The Sheriff’s Office issued the following statement to the Kent News in response to Kasner’s comment.

“The city of Kent asked King County to issue the notice of trespass based on our legal agreement with them,” said Sheriff’s Office Capt. Cory Stanton in a June 4 email. “If Kent is no longer planning to enforce their request, then the county will not enforce the trespass but will continue our work with the organizations we have funded to do outreach to asylees.”

Kasner said the county asked Kent Police to help remove the encampment.

“The city understands that these individuals moved onto the county-controlled property without the county’s permission or knowledge,” Kasner said. “King County has advised the city that the individuals do not have permission to be on the property and are trespassed from the property. King County has asked for the city’s assistance in removing them.”

Kasner said Kent Police posted notice Sunday, June 2 for the asylum seekers to leave the property within 48 hours, which would have been Tuesday, June 4.

“On Sunday, June 2, the city provided the asylum seekers with King County’s notice that they must leave and posted the notices on the property,” Kasner said. “Kent Police Department personnel were intending to return to the site to provide notice of the need to leave in various non-English languages.”

Kent Police, as of Tuesday, June 4, didn’t take that action without the assistance of the Sheriff’s Office.

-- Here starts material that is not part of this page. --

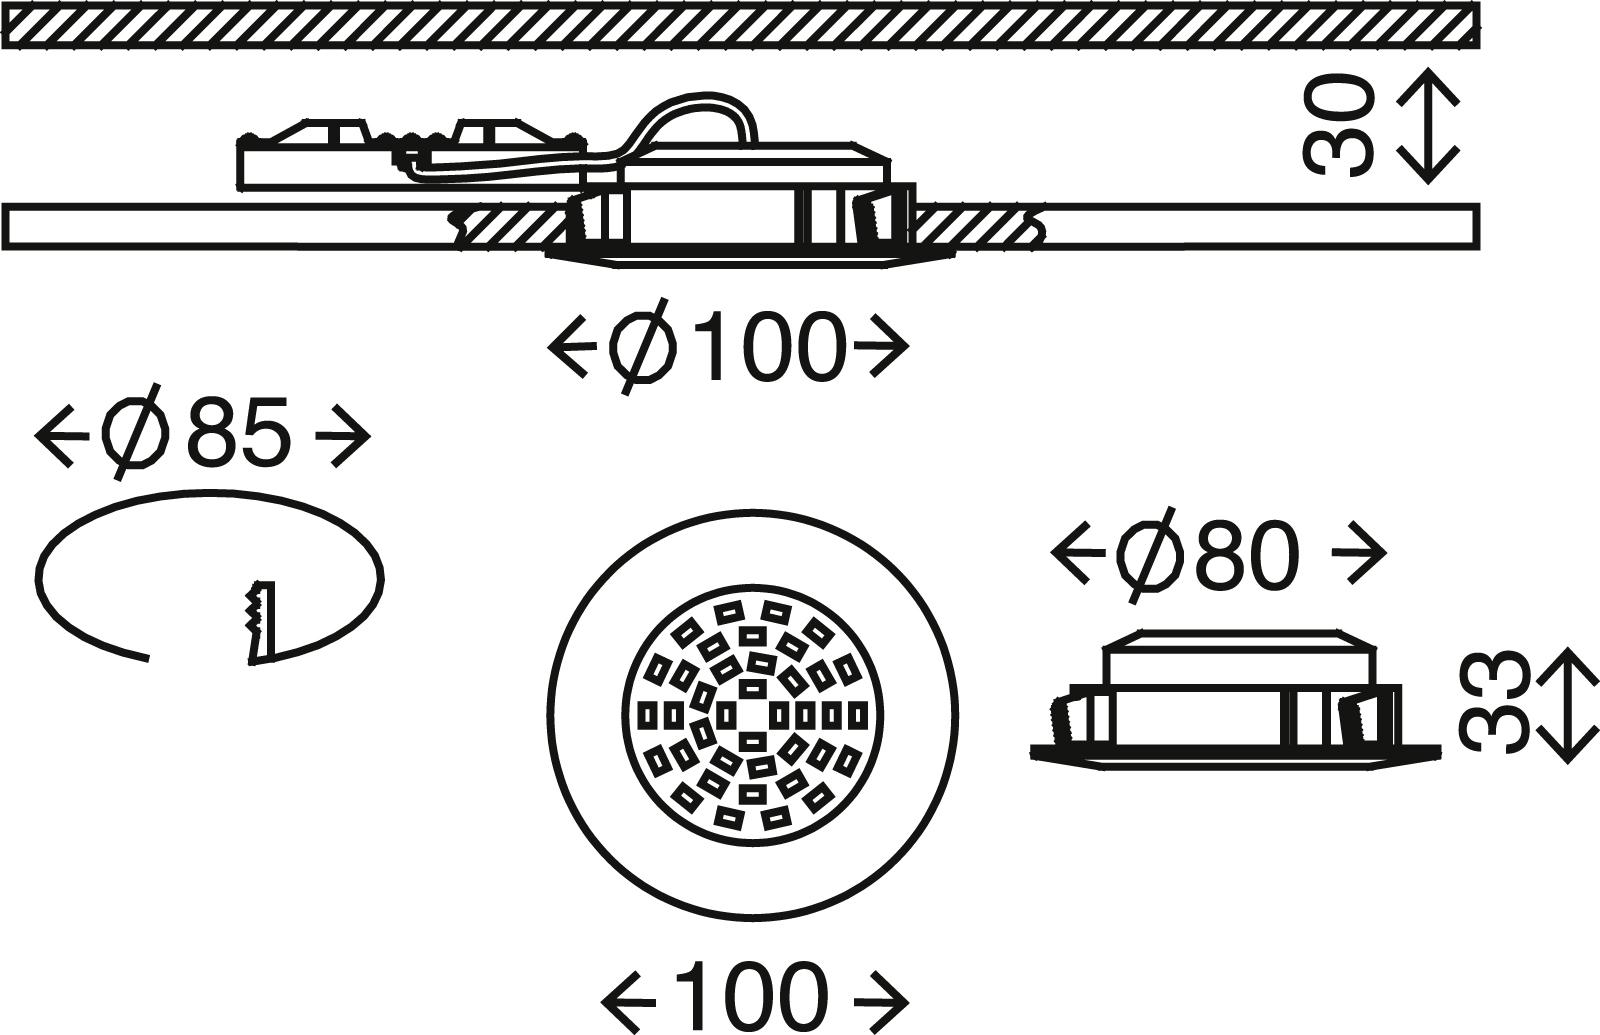 LED Einbauleuchte, Ø 10 cm, 11 W, Matt-Nickel

“The property in question is under the authority and control of King County which leased the property as part of a larger property transaction during the Covid-19 emergency,” Kasner said. “The city of Kent does not own or control the property in question, nor does the city own or control the use of the hotel adjacent to the property.”

Kasner said city leaders understand it remains a challenge for asylum seekers to find a place to stay.

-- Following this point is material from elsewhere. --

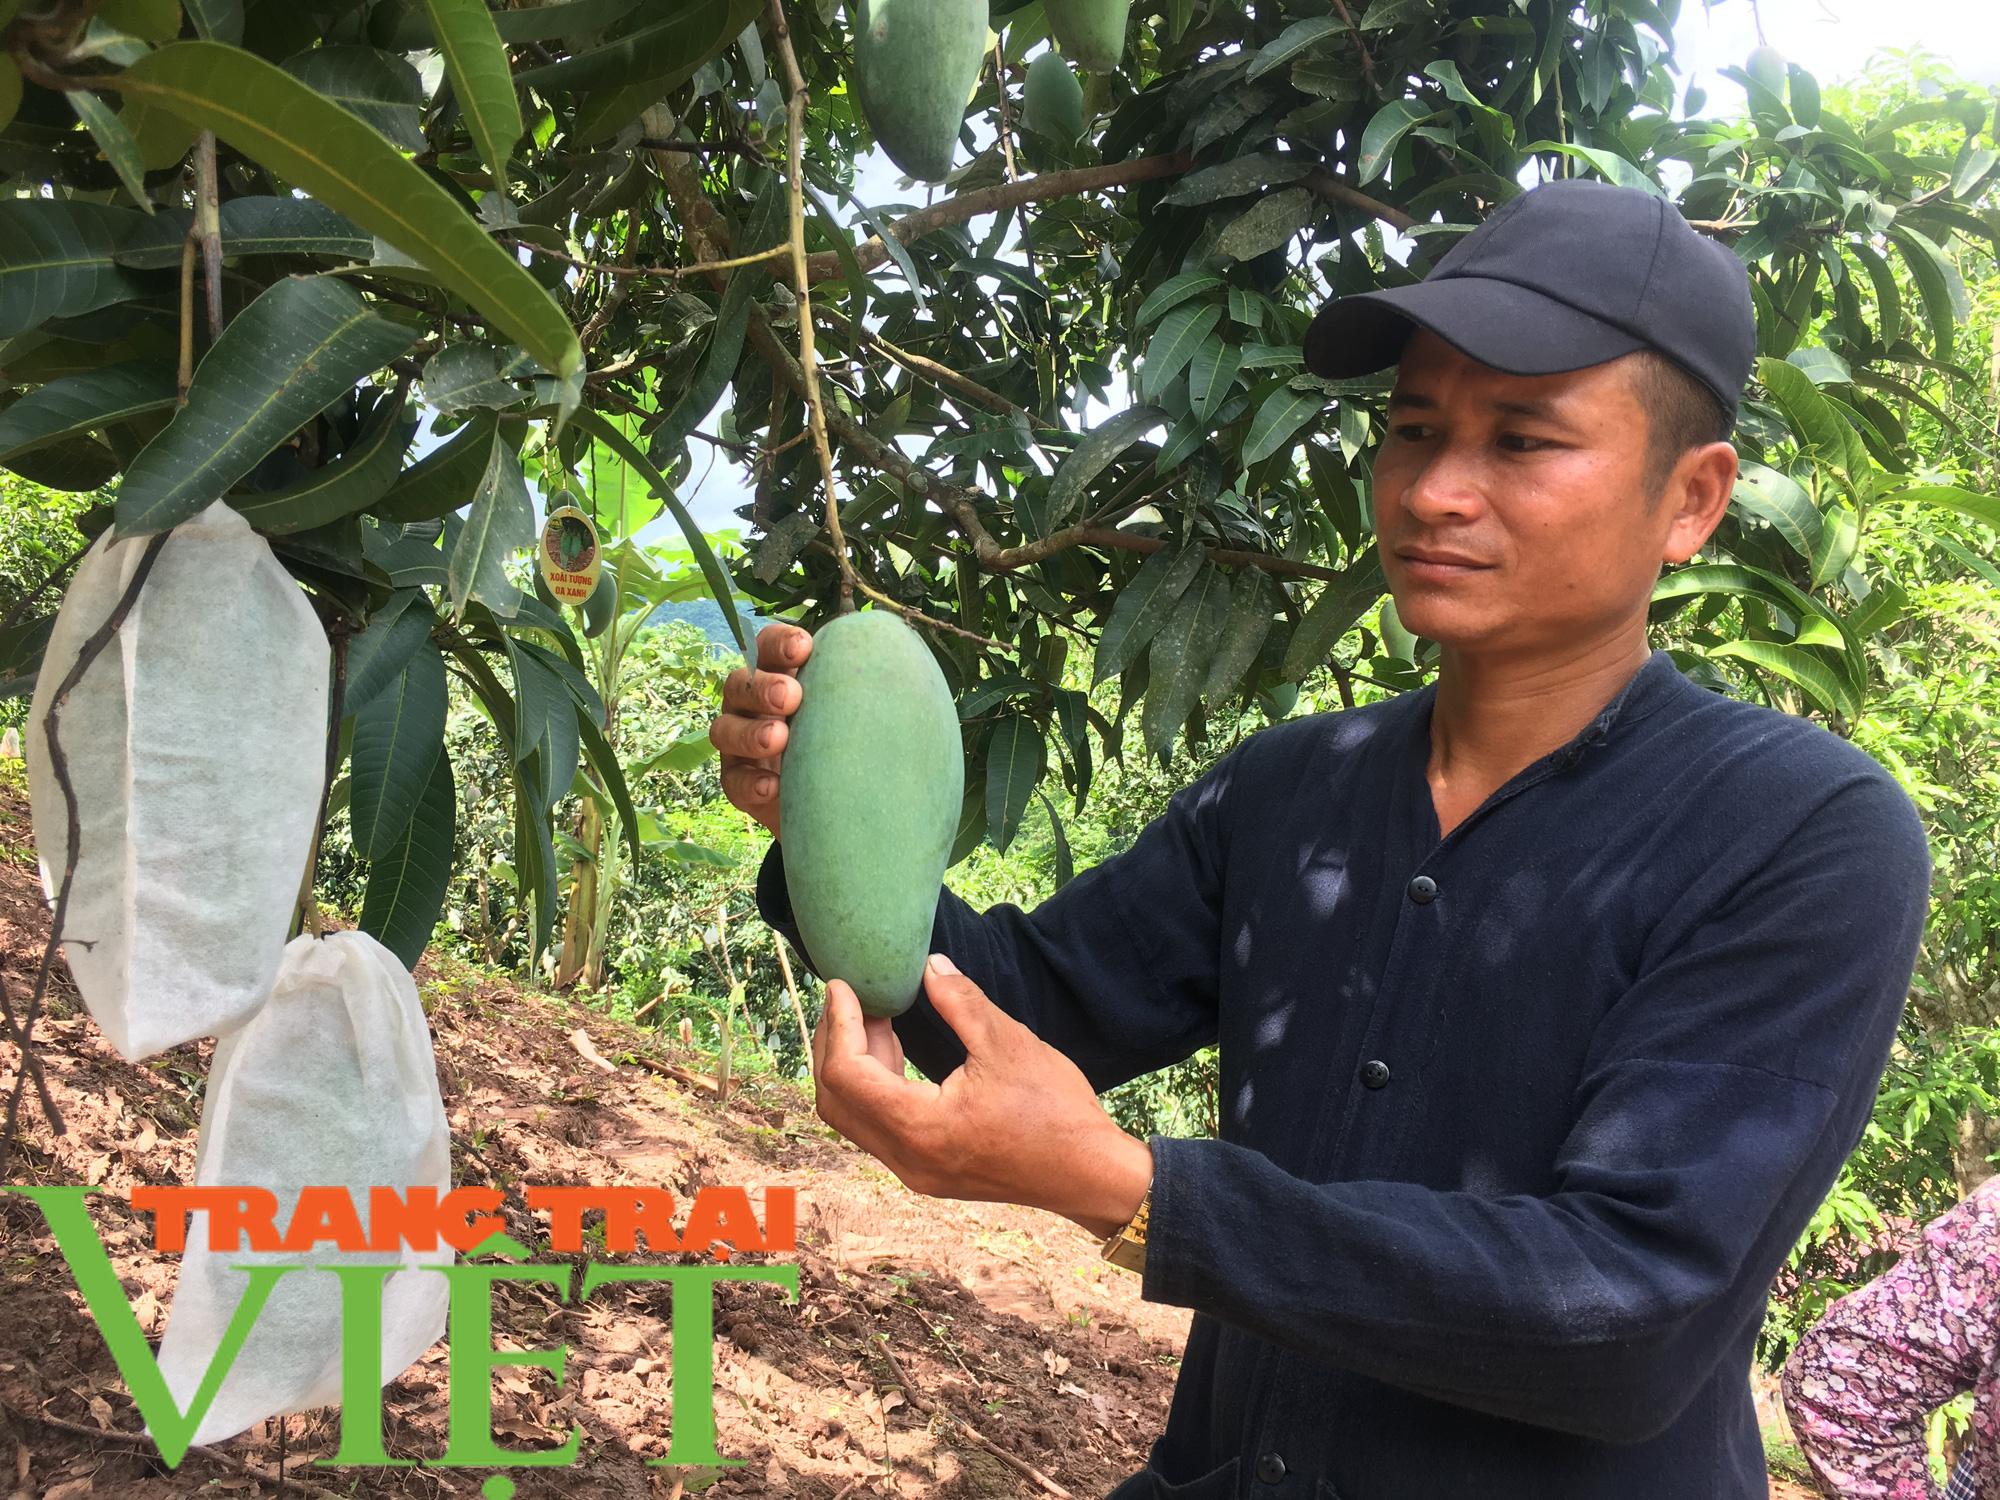 Yên Châu giúp bà con nông dân thoát nghèo và vươn lên làm giàu  - Ảnh 1.

“The current immigration issues are of national and statewide concern,” Kasner said. “Neither South King County cities nor King County has the resources to address these concerns. It is appropriate for the federal government to step in, and in its absence, the response to this issue must be spread across the entire state and not concentrated in South King County.”

Asylum seekers have bounced around from hotels, including the Kent Quality Inn and SeaTac locations, and temporary shelters for numerous months. Many asylum seekers and supporters from nonprofits spoke at an April 16 Kent City Council meeting that they wanted the former Econo Lodge reopened to house as many as 300 asylum seekers and refugees.

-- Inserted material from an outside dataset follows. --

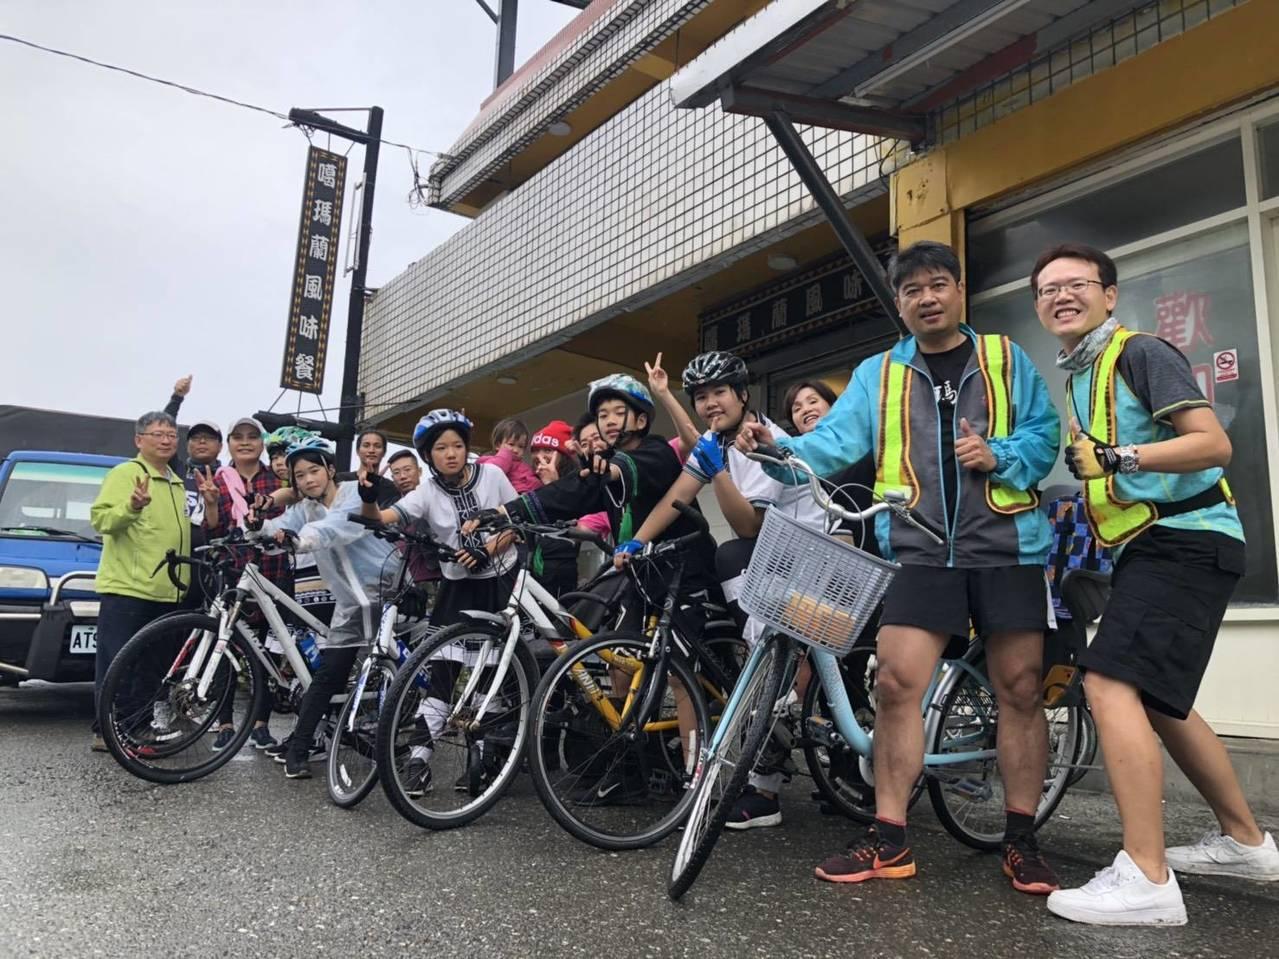 新社國小應屆畢業生舉辦路跑及跨騎活動。圖/新社國小提供

“We urge the city to amend the language of the MOU (memorandum of understanding) with King County to allow to use the Econo Lodge for emergency housing for asylum seekers,” said Jon Grant, chief strategy officer for the Seattle-based Low Income Housing Institute, a nonprofit affordable housing provider, at the council meeting. “Riverton Church began turning families away so they started arriving here in Kent.”

Immigrants by the hundreds showed up at Riverton United Methodist Church in Tukwila for housing and assistance. That church is known for helping refugees, but the number of people became more than it could handle and that began the exodus to hotels with rooms paid for by private and public donations. But when those funds run out, the asylum seekers move again looking for housing.

A King County spokesperson for County Executive Dow Constantine said after the April Kent City Council meeting that the county has no plans to reopen the hotel.

Pat Fitzpatrick, city of Kent chief administrative officer, said in an email after the April council meeting the agreement between the county and city detailed that the hotel could only be used as a pandemic quarantine facility until the governor’s state of emergency ended.

“(The MOU) required the county to comply with all zoning and land use requirements for any use other than as a quarantine facility,” Fitzpatrick said. “This would be applicable to any landowner or business operator generally by law.”